> **EXERCISE DATA**:
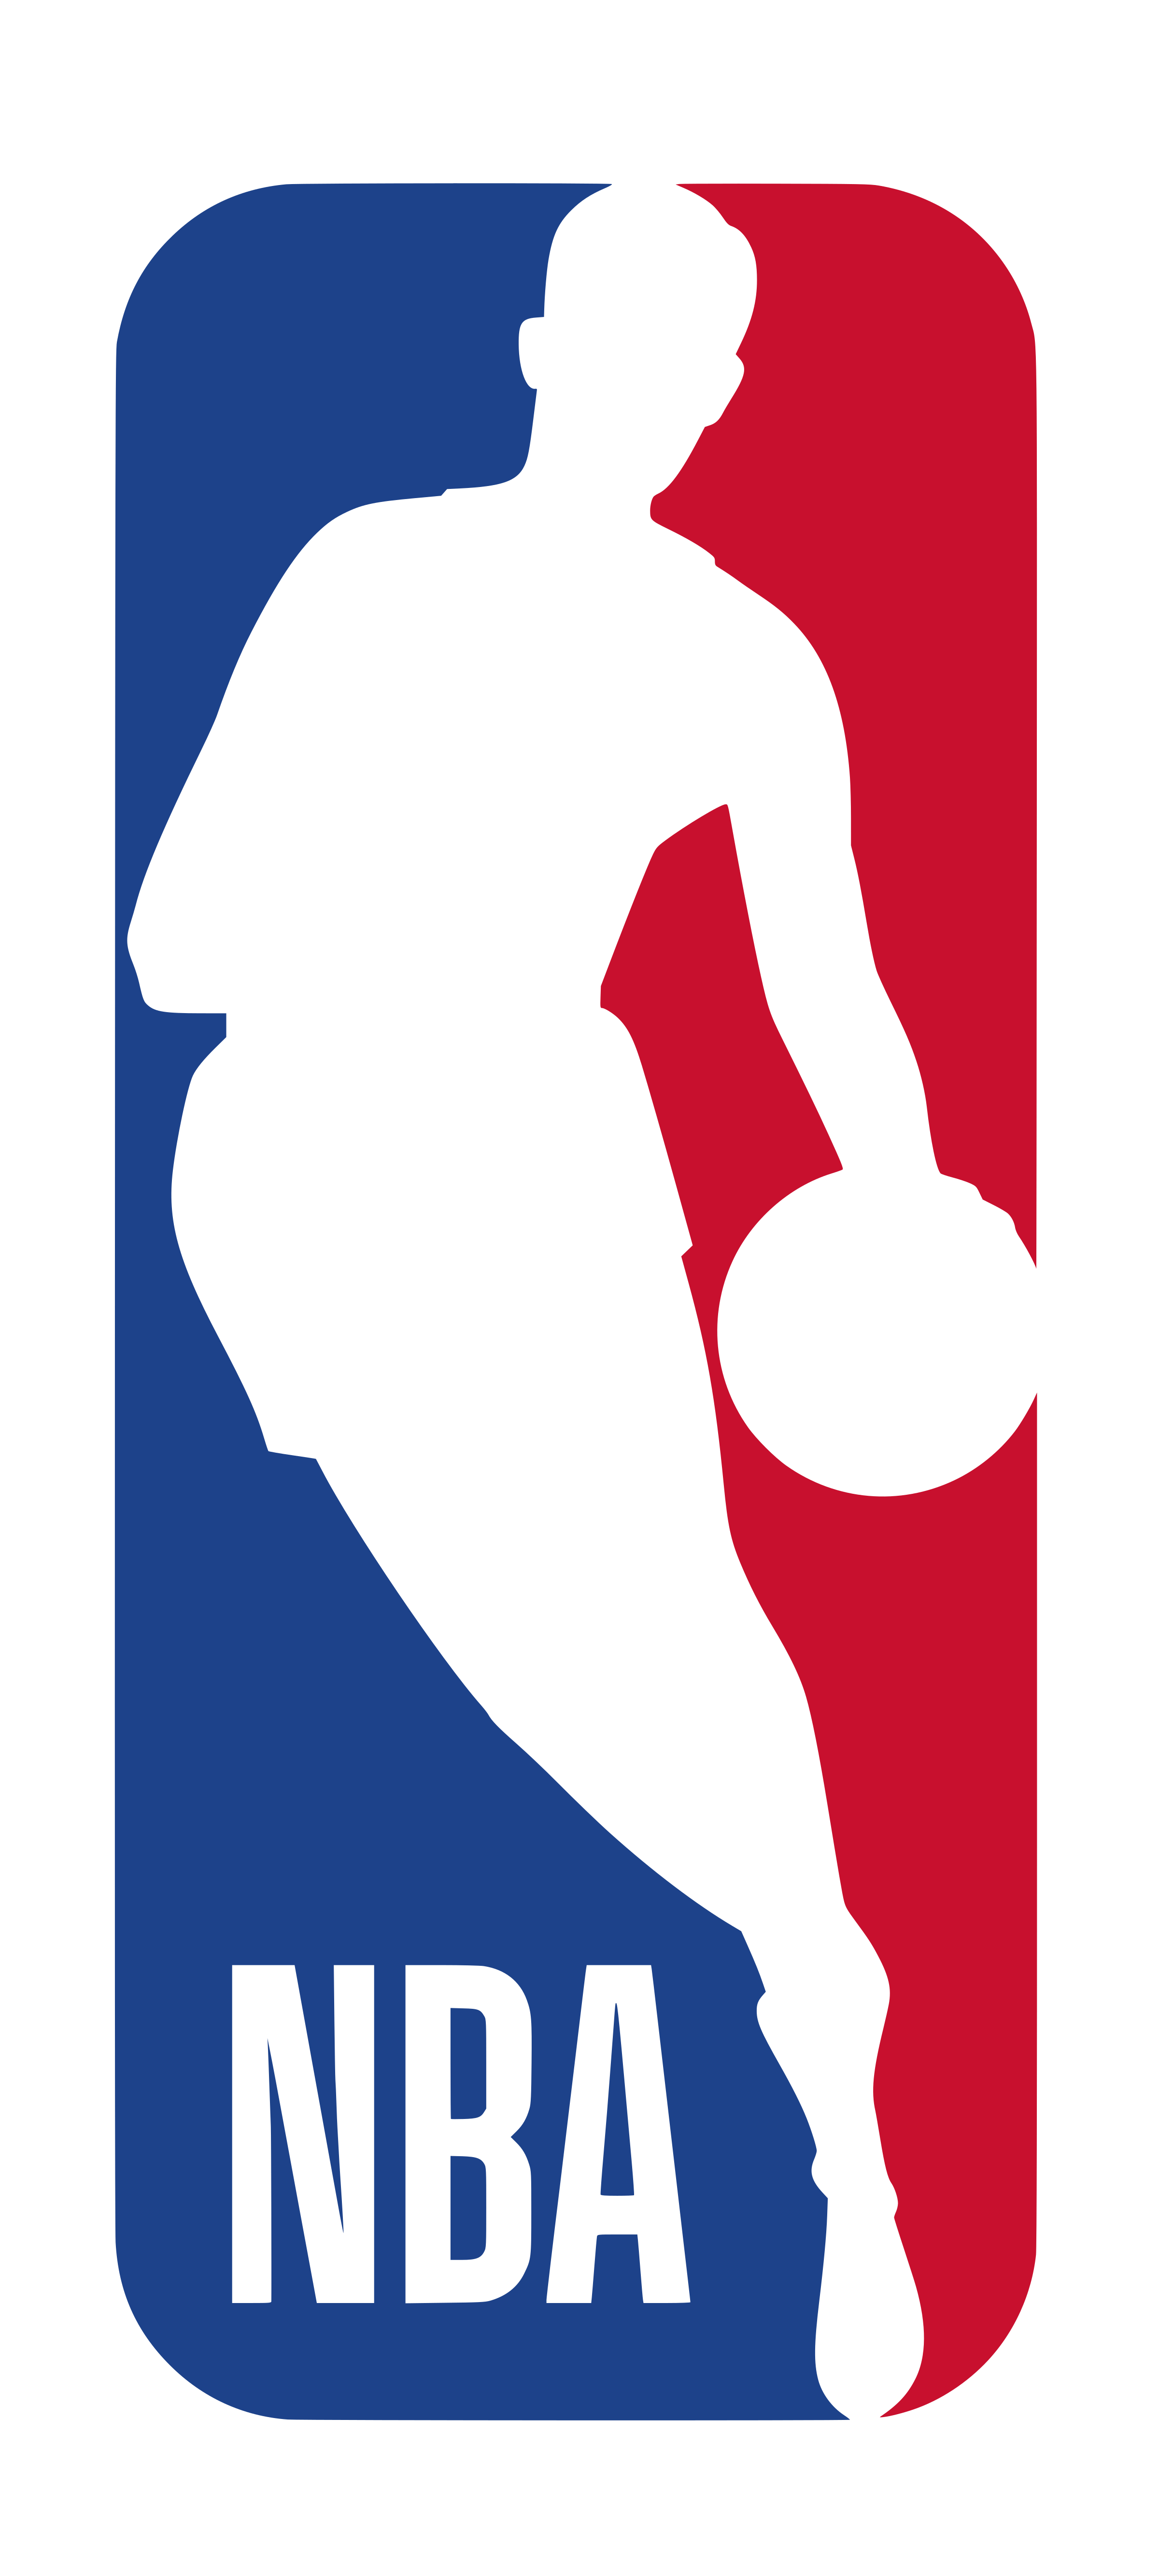 Logo NBA PNG Images HD
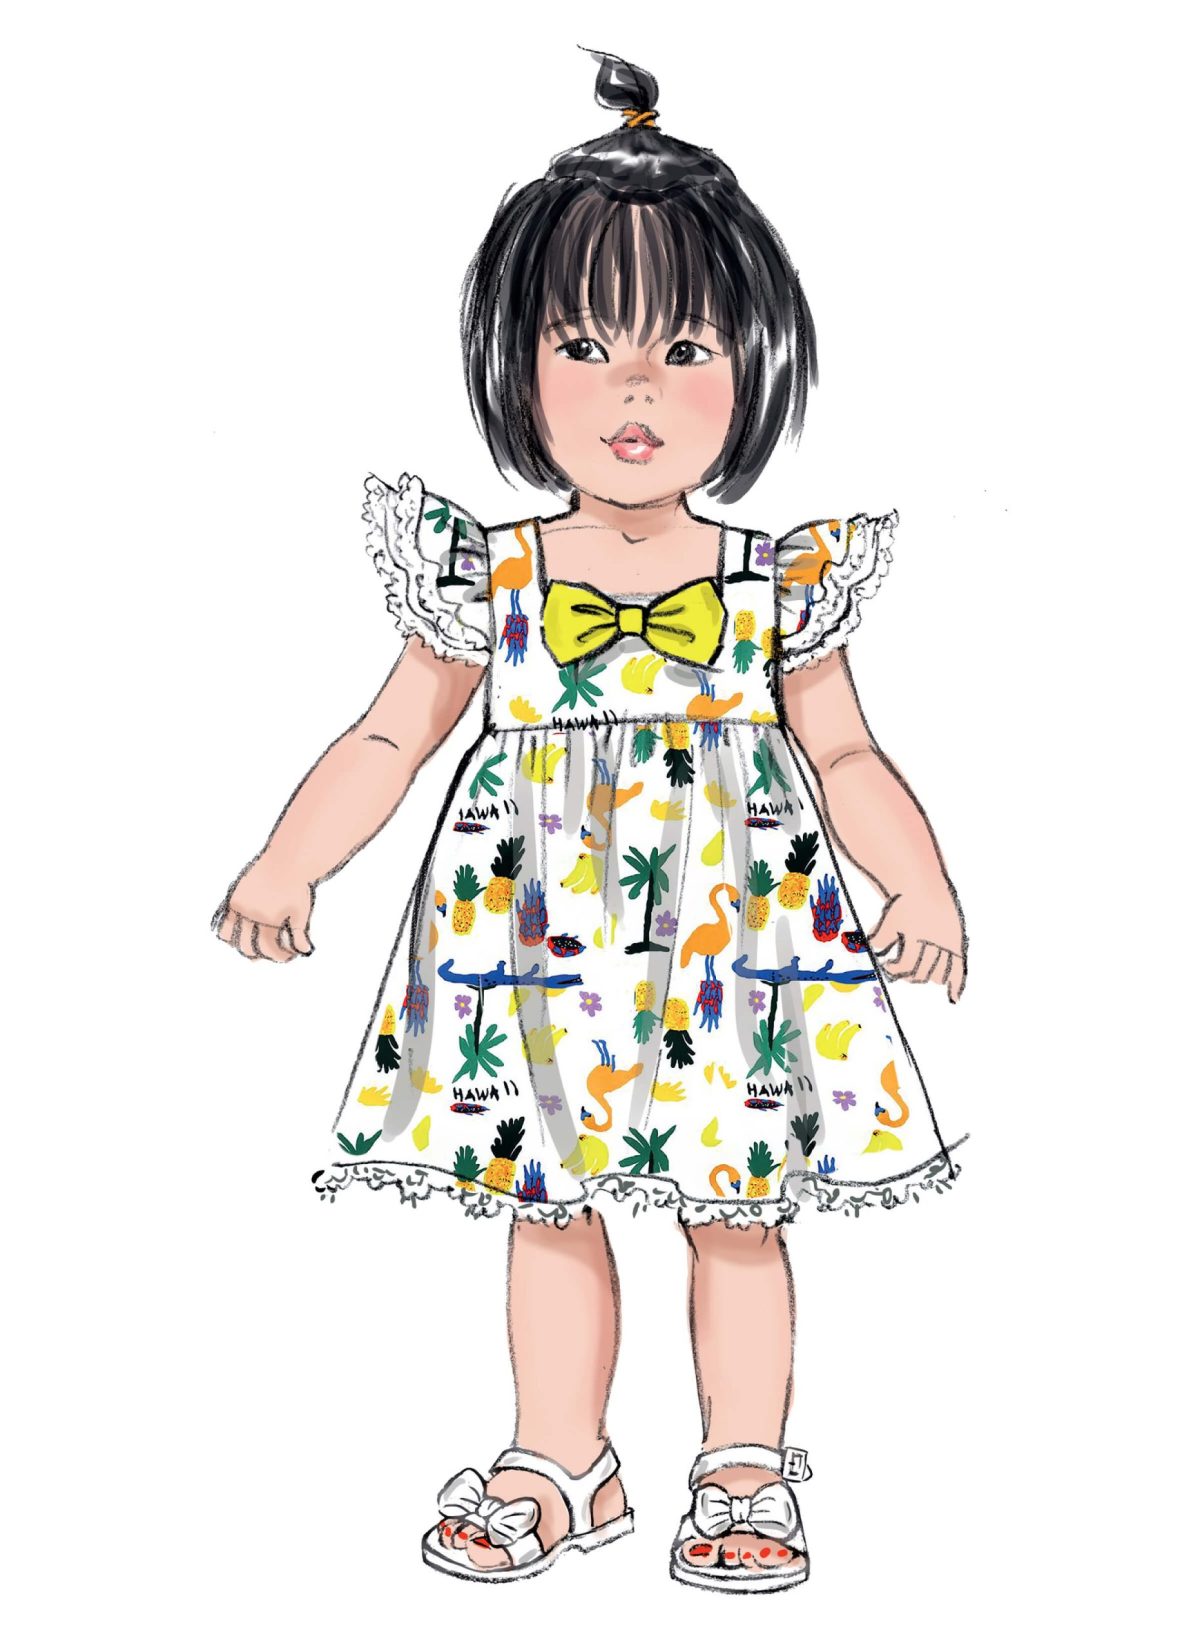 Butterick Sewing Pattern B6885 Toddlers' Dress
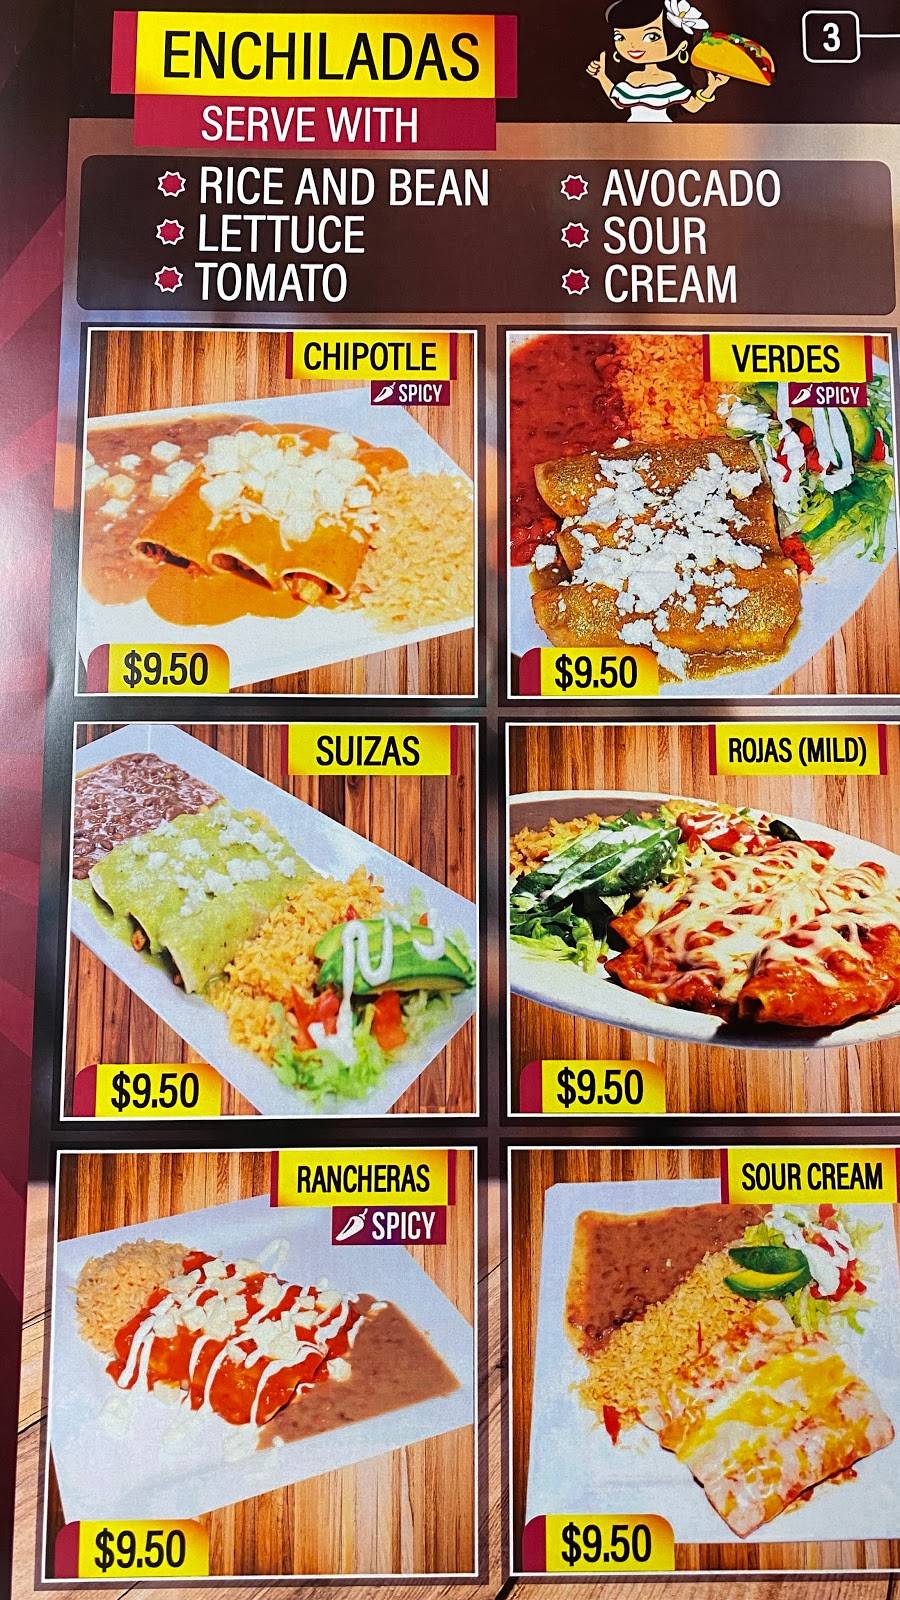 La Tropicana Tacos Y Mas | 3903 S Western Ave, Oklahoma City, OK 73109, USA | Phone: (405) 634-8231

> **REQUIRED ACTION**:
Print, please, exactly the lines from the one holding "Butterick Sewing Pattern" through the final line of the data, both included, while leaving out each picture.

> **TASK SOLUTION**:
 Butterick Sewing Pattern B6885 Toddlers' Dress
 La Tropicana Tacos Y Mas | 3903 S Western Ave, Oklahoma City, OK 73109, USA | Phone: (405) 634-8231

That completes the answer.